Still waiting... I got so excited this afternoon because Rose was laying down in her pen and grunting. Wouldn't get up.

So of course I hustle back to the house to sound the baby alarm. Hubby walks up to the barn and Rose is standing there eating hay. Looks at us like we are crazy.

Which of course we are.









Sent from my iPhone using Goat Forum


----------



## SalteyLove (Jun 18, 2011)

She still looks to be holding those babies pretty high on the right side so I would say at least a few more days. How is her udder looking? Many does will get a nice big full tight udder before kidding. Got your kidding kit ready and a vet or experienced breeding on call??


----------



## PowerPuffMama (Jan 8, 2013)

She is a FF so not certain when her udder will really come in. My hubby puts her at a "C" cup.

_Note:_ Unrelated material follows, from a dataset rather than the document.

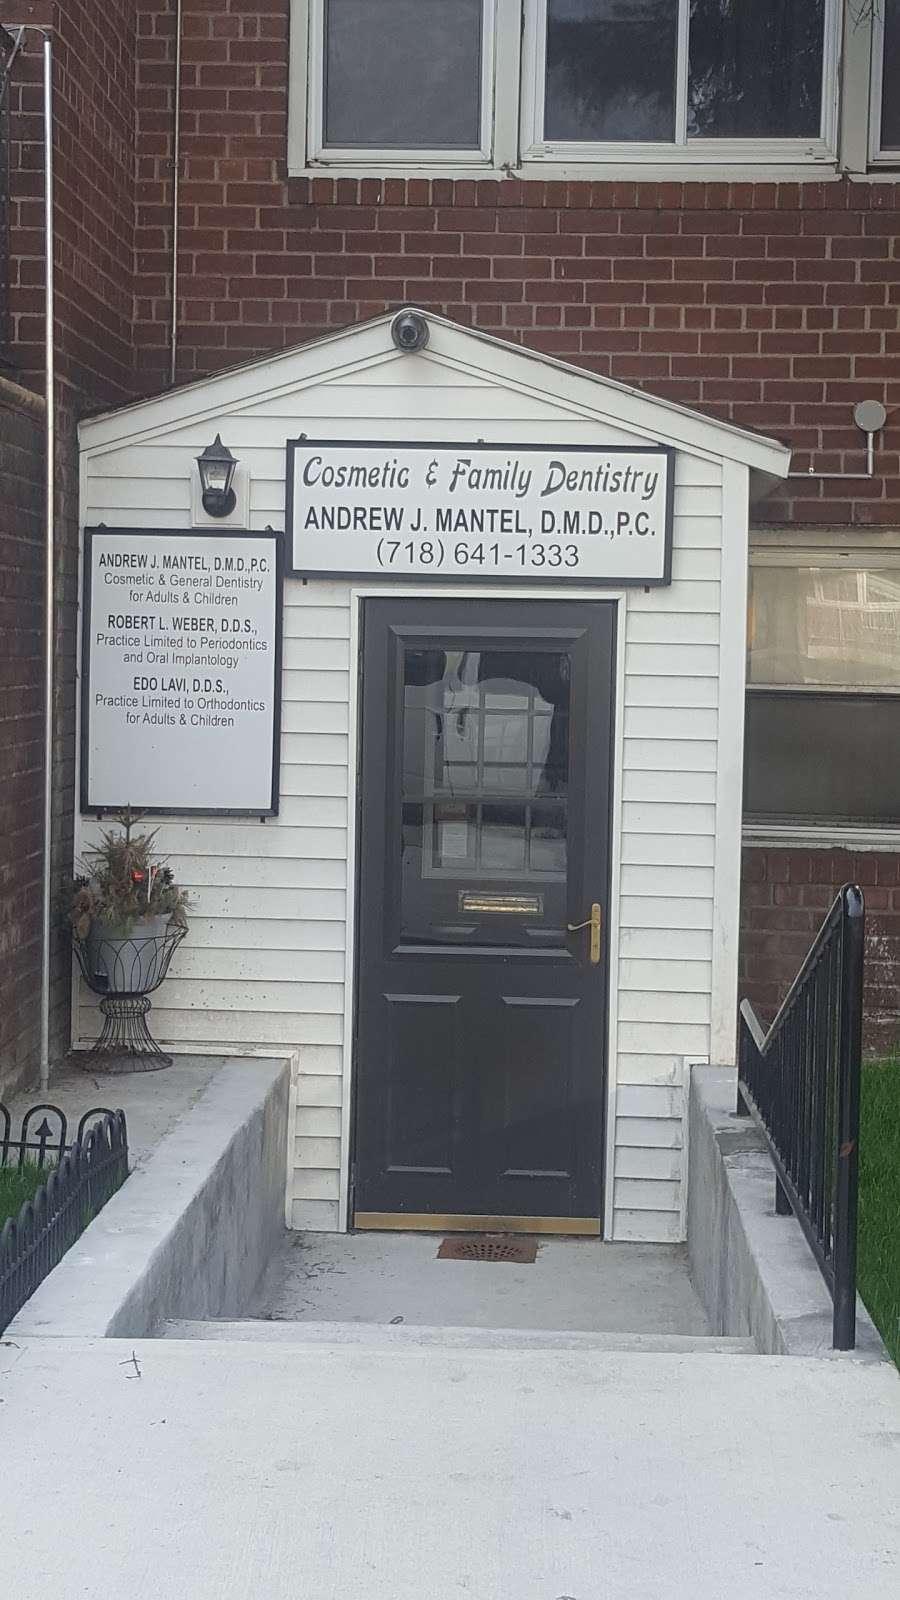 Mantel Andrew J DDS - dentist  | Photo 1 of 3 | Address: 150-9 89th St, Howard Beach, NY 11414, USA | Phone: (718) 641-1333

We have everything ready to go except the babies 

My does have their own code...wait until Mama is out of town for work and then have the babies. It drives Mama crazy and makes Dad laugh.


----------



## DappledBoers (Feb 10, 2013)

I'm waiting on rose to! ☺ not your but mine.. And I call her rosey lol hopefully she kids for you soon! Still waiting on an udder on mine to.


----------



## PowerPuffMama (Jan 8, 2013)

I just love my girl. We haven't had her very long. Rose is still very skittish but I just discovered yesterday that she loves to eat hay out of your hand. Then I sneak the empty hand in for some love rubs. 

I swear when I go to feed her grain in the evening she acts just like a dog. Rose jumps, wags her tail and "maaaa's" at me! 

Maybe your Rosie and mine will have babies together!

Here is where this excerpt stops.